The Navy retained the name carried by this vessel at the time she was acquired.

(Id. No. 3675: displacement 12,170; length 410'5-"; beam 54'0"; depth 29'9"; draft 24'1" (mean); speed 11.5 knots; complement 103; armament none)

Westpool, sometimes referred to as West Pool, and origionally ordered as Petain, was a steel-hulled, single-screw cargo vessel built under a United States Shipping Board (USSB) contract. She was completed in 1918 at Seattle, Wash., by J. F. Duthie & Co.; was inspected by the Navy; given the identification number (Id. No.) 3675; was acquired by the Navy on 2 November 1918; and was commissioned the same day, Lt. Cmdr. William H. Harstedt, USNRF, in command.

Departing Puget Sound on 8 November 1918, just three days before the signing of the Armitsice that ended the Great War [World War I], Westpool subsequently loaded cargo in the Canal Zone for the Panama Railroad Co. before resuming her voyage to New York City on 9 December. After arriving there on the 20th, she delivered her freight before loading 5,002 tons of Army cargo. Departing New York City on 1 February 1919, Westpool sailed for European waters.

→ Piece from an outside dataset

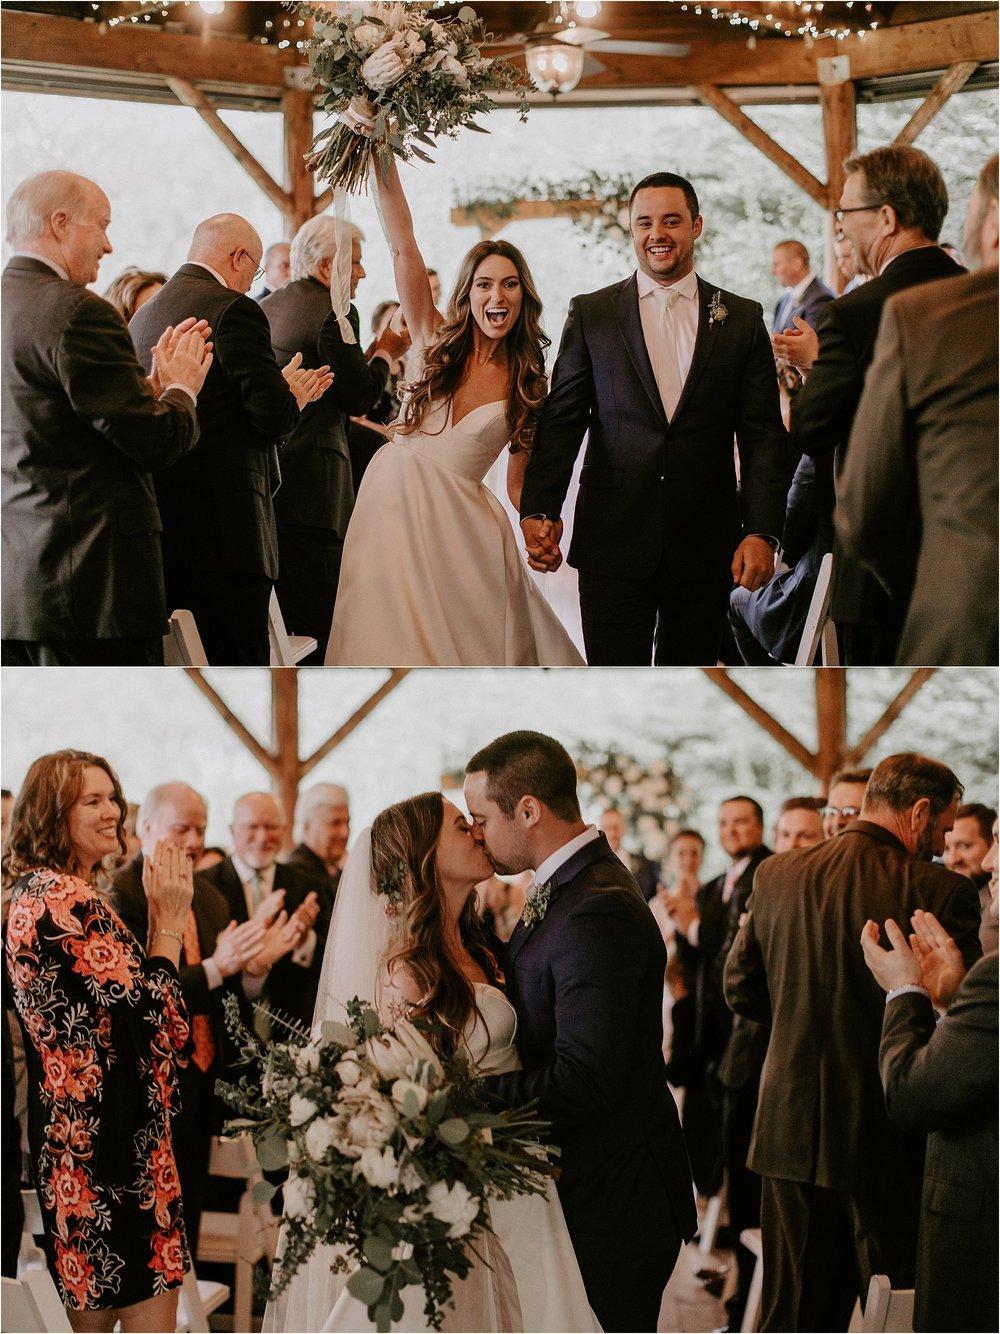 Sarah_Brookhart_Lancaster_PA_Wedding_Photographer_0054.jpg
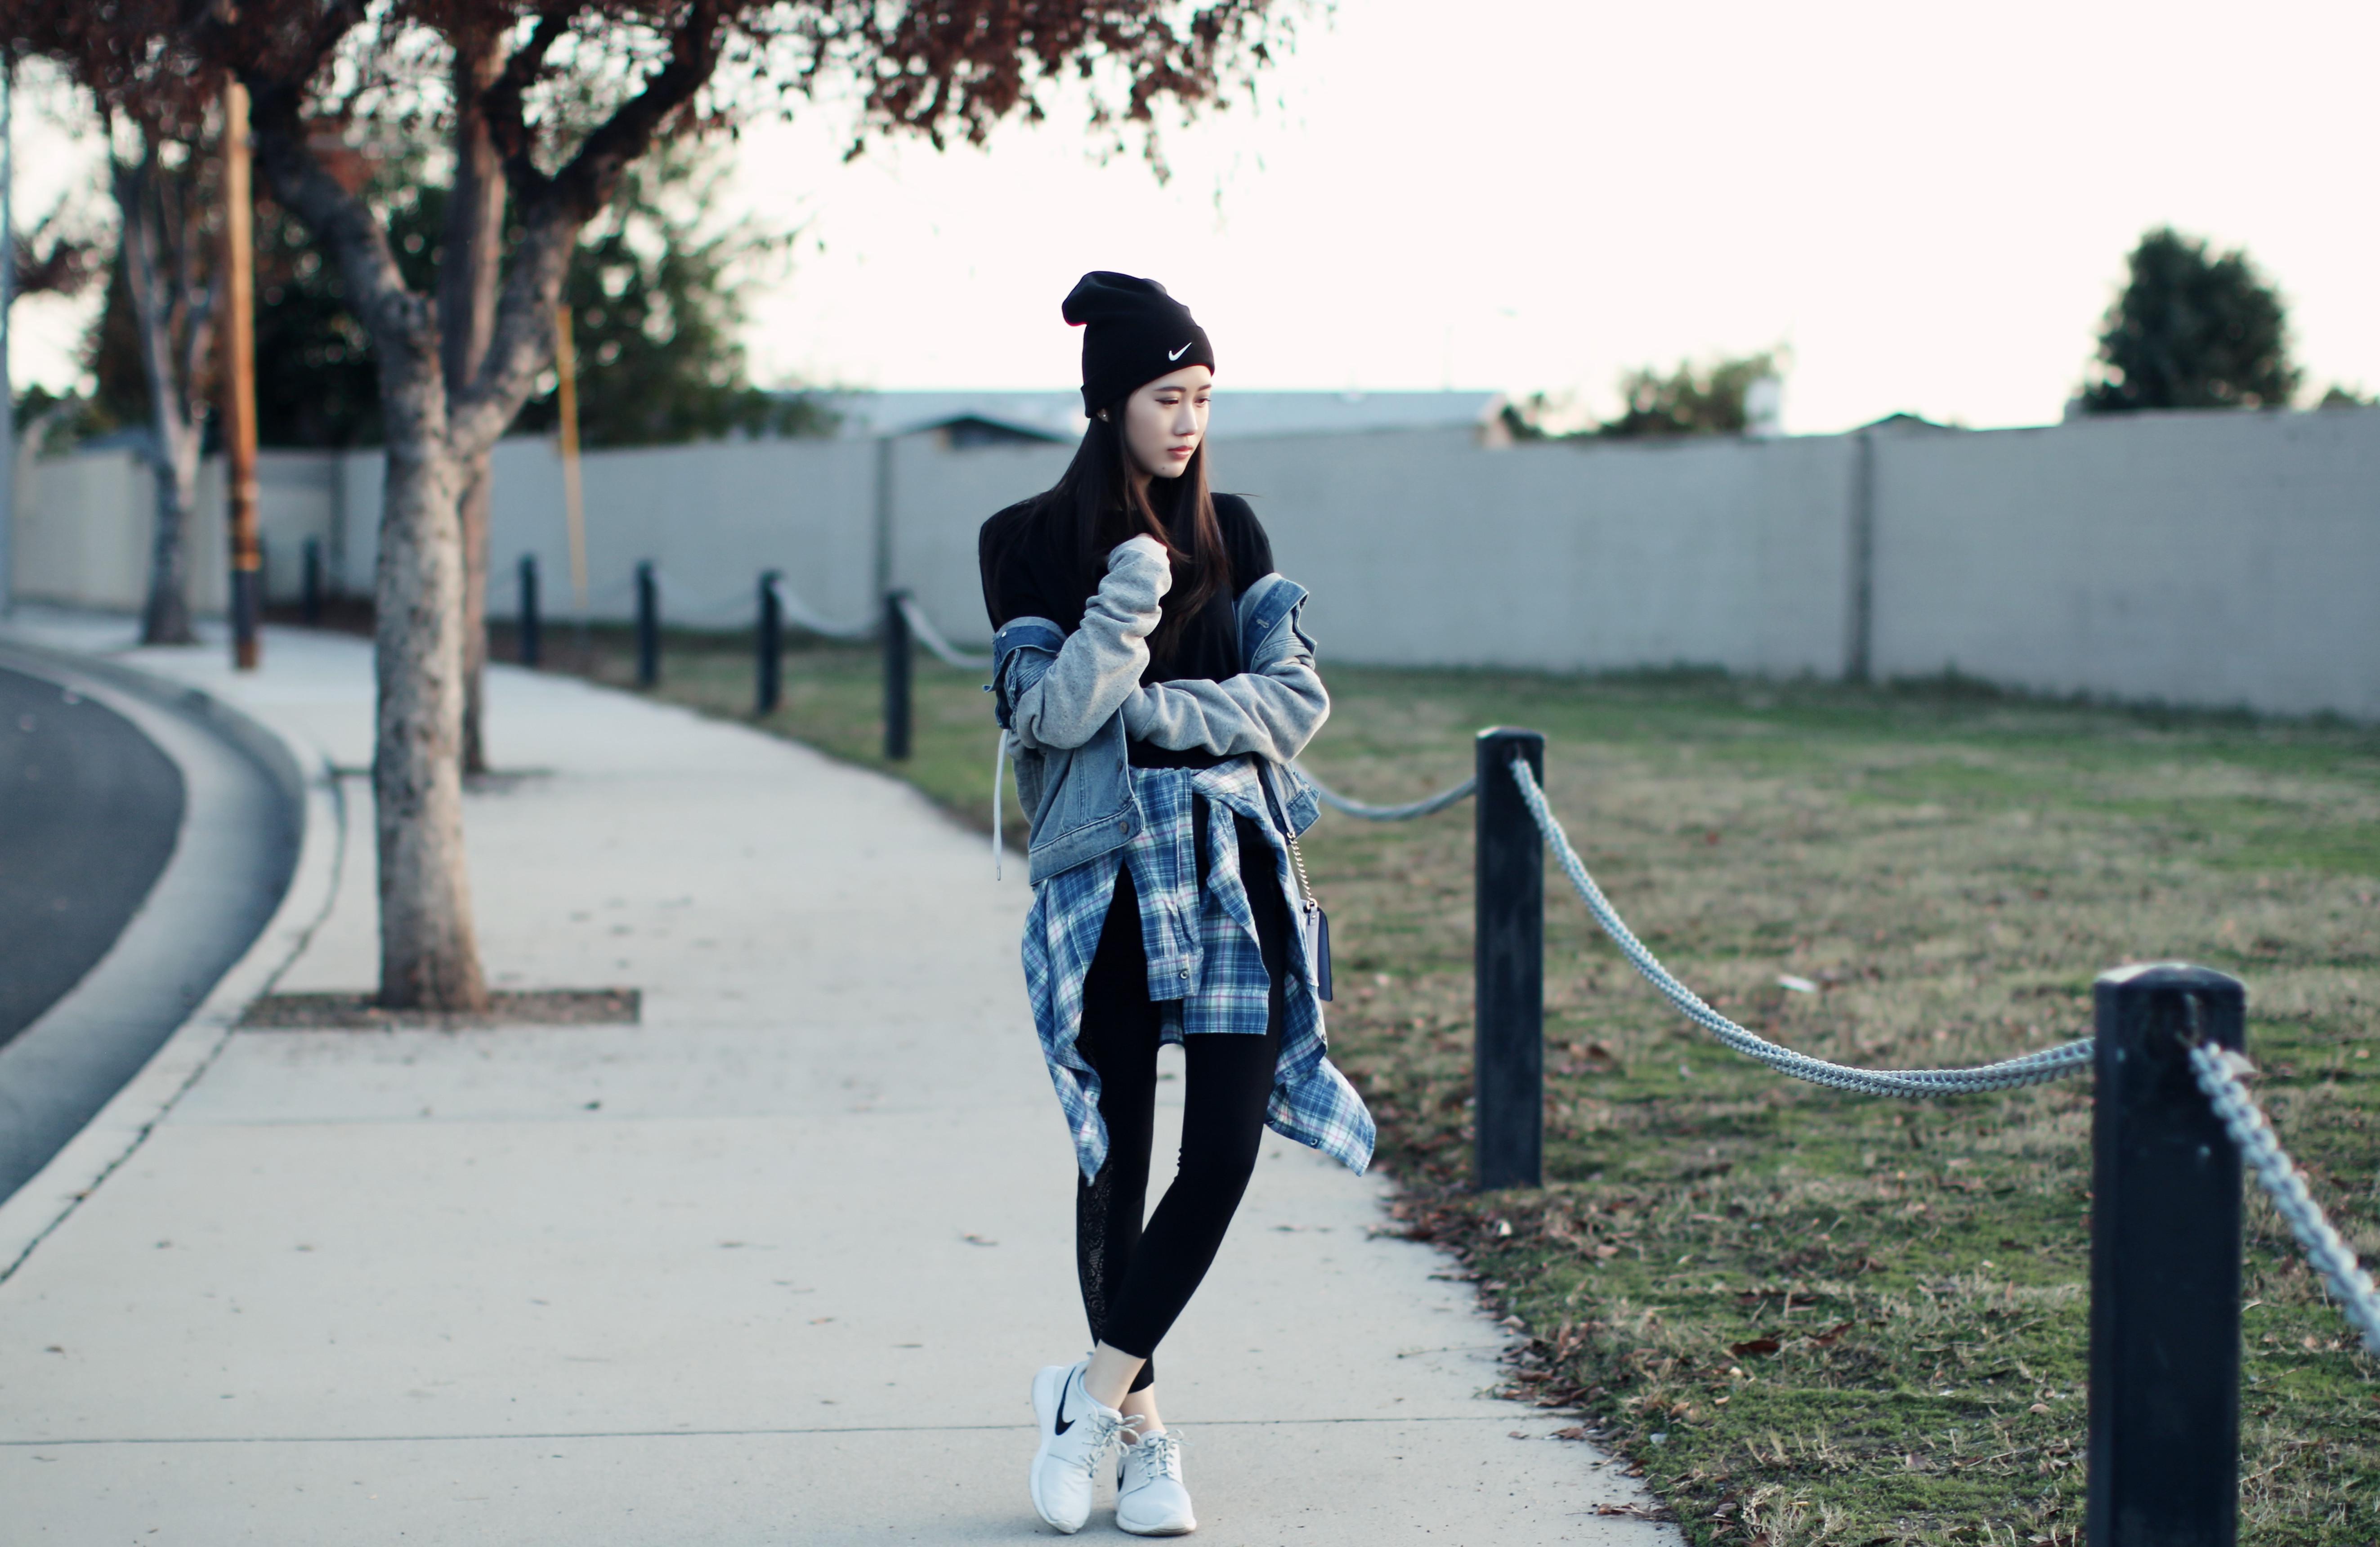 4313-ootd-fashion-style-outfitoftheday-wiwt-streetstyle-urbanoutfitters-hm-f21xme-nike-elizabeeetht-clothestoyouuu

Upon her arrival at Antwerp, Belgium, on 18 February 1919, the ship discharged part of her cargo there before shifting to Swansea, Wales, late in February to unload the remainder. Having completed this task between 1 and 5 March, Westpool departed the British Isles on 5 March and headed for the United States. Westpool put into New York harbor on 23 March and was decommissioned there eight days later, on 31 March 1919. Simultaneously stricken from the Navy Register and returned to the USSB, Westpool subsequently remained under U.S. government ownership, in and out of active service, through the 1930s, until being transferred to the British Ministry of War Transport in 1941.

Steaming in convoy SC-26 on 3 April 1941, south-southwest of Reykjavik, Iceland, Westpool  (49-year old William Stafford, Master), with a cargo of 7,144 tons of  scrap iron, was torpedoed and sunk by the German submarine U-73 (Kapitanleutnant Helmut Rosenbaum, commanding). Westpool began her plunge to the bottom within a minute, taking 35 souls -- Capt. Stafford, 33 of his crew, and one gunner -- with her. The British destroyer HMS Havelock (D.88) (Cmdr. Earle H. Thomas, DSC, RN) rescued the eight survivors, landing them at Liverpool, England, on 9 April, six days later.